Lawns certainly have an aesthetic and social value and sometimes are a great play area. Closely cut green grass used for landscaping or leisure, lawns were historically created by wealthy people who could keep unproductive spaces. With the invention of lawn mowers, lawns spread and became a standard feature of suburbia. Lawns maintenance necessitates high inputs not only in fertilizers and pesticides, but also in natural resources like water and petrol to mow it. And they don’t hold any wildlife. To me, they reflect the man’s desire to control nature.
I think growing vegetables is a more productive way to use that space therefore we progressively dig up our lawn. Advantages are many:

  • We transform wasted areas in productive and beautiful spaces.Using the slammer in the garden
  • We produce pesticides free veges, delicious and fresh from the garden, with zero food-kilometres and nearly for free. In her New Zealand footprint project, Ella Lawton has demonstrated that food and beverage makes up 56% of the total New Zealand footprint. The most efficient way to reduce our footprint is to produce half of our own food in our backyard, or at least eat locally grown food (page 27). It is slightly more efficient than becoming vegetarian.
  • We reduce our waste as all green waste is composted and used in the garden. It is even a way to
    store carbon therefore mitigate climate change
    .
    Organic gardening is good for the environment.
  • We take fresh air, build up muscles, stretch and burn calories. Gardening is good for our bodies.
  • When out in the garden, we hear birds and smell flowers, we connect with the slow pace of nature, reducing stress while providing a deeply meaningful and rewarding activity. Gardening is good for our minds.
  • We spend quality time together as a family.

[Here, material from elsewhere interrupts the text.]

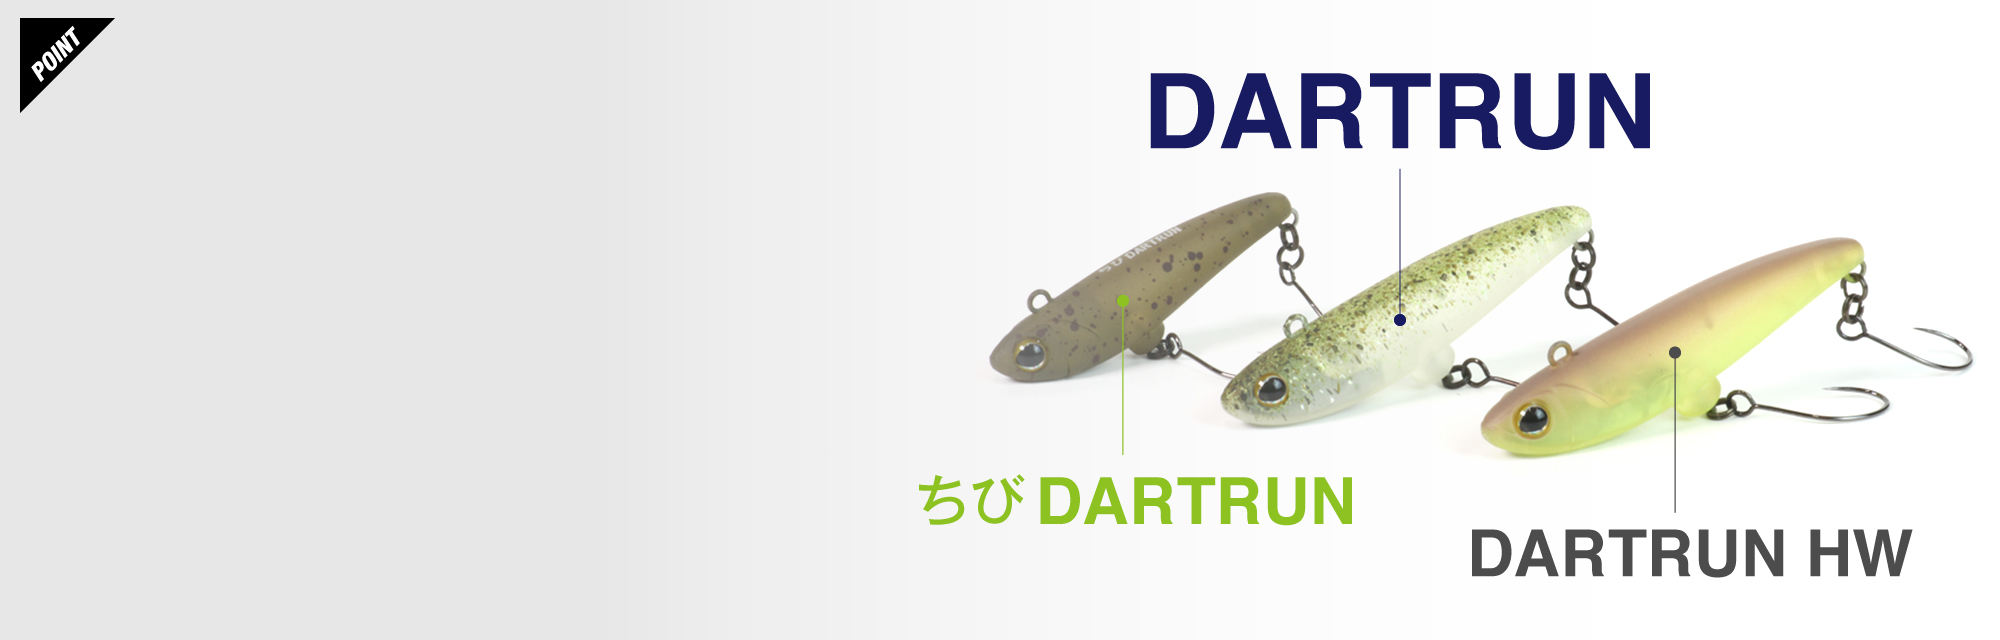 ダートラン DARTRUN / ダートラン

Using a slammer, it is incredibly easy to remove patches of grass. Materials from Wanaka Wastebusters make frames.

Yes for a successful harvest, we need a lot of knowledge. It’s been built over the years, thanks to Dad, Terre Vivante where I worked for 7 years, Organic NZ, Dr Compost, permaculturists and friends’ wisdom. We also need seeds, also collected over the years and thanks to exchanges with friends or community swaps.

I’ve proudly added a Robert Guyton‘s Green Man sticker on my letter box and I am keeping an eye out for it in my community.

One advice: start small and expand over time. Now is a great time!